The name "Quinnipiac" comes from an Algonquian phrase meaning "long water land", and historically referred both to the river and the area around its mouth at Long Island Sound. Europeans found the river in 1614. By the early 18th century, early settlers called the Quinnipiac River the Dragon River after the seals, then referred to as “sea dragons,” that were once abundant there. Although these seals were likely harbor seals (Phoca vitulina), archaeological evidence confirms that gray seals (Halichoerus grypus), which are over twice the size of a harbor seal, also lived near the mouth of the Quinnipiac River as recently as the sixteenth century.

== Watershed and course ==
The Quinnipiac River watershed drains an area of approximately 165 sqmi. There are four dams, most of which are old remnants, that impede boat travel.
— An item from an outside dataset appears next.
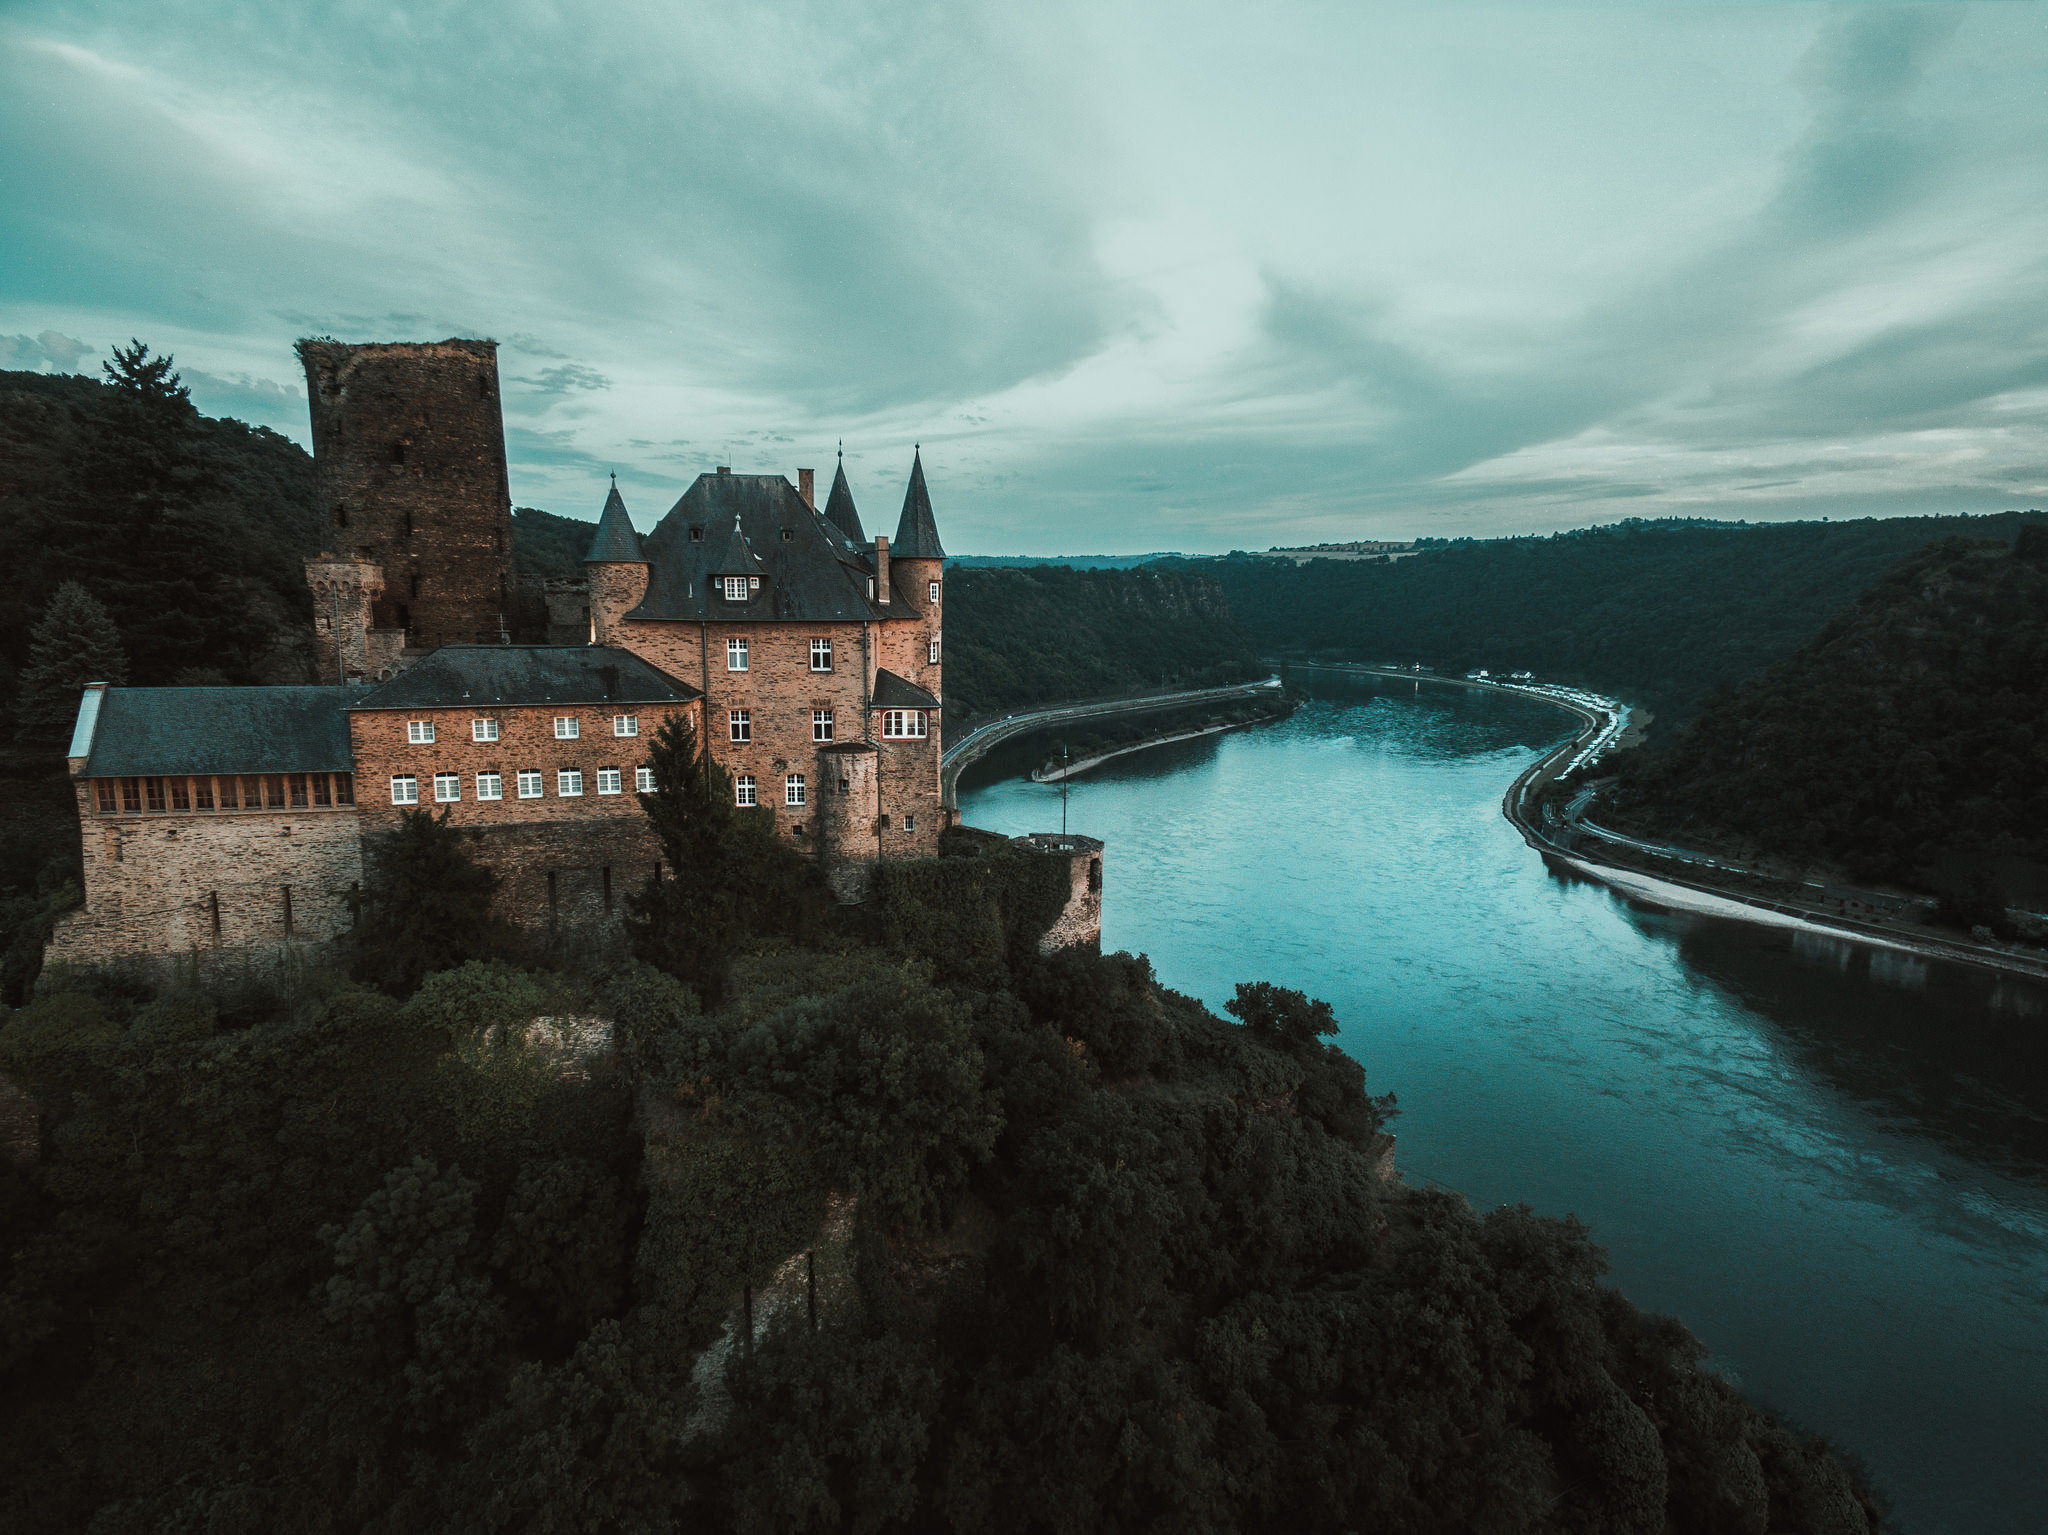 Landschaftsfotografie fotograf filmemacher frankfurt patrick schmetzer drohne landschaft natur 94

The first dam is about 1/2 mile south of Plantsville, the second dam is at the southeast corner of Hanover Pond in South Meriden, the third dam is in northeast Yalesville, and the fourth dam is at the south end of Community Lake in Wallingford.

In April 2017, a small hydroelectric plant using a screw turbine was installed at Hanover Pond.

Paddling is a frequent recreational activity along the Quinnipiac River, especially within the tidal marsh in North Haven. Additionally, the tidal variation extends approximately 14 mi upriver from its mouth.

== Ecology and conservation ==
Throughout the 19th and 20th centuries, the river suffered from severe pollution problems because of the presence of heavy industry and population centers in its watershed. The Quinnipiac was the subject of the first ever pollution control measure in the state of Connecticut. In 1886, the state legislature passed a measure prohibiting the City of Meriden from discharging raw sewage into the river. In 1891, the act resulted in the building of state's second sewage treatment plant.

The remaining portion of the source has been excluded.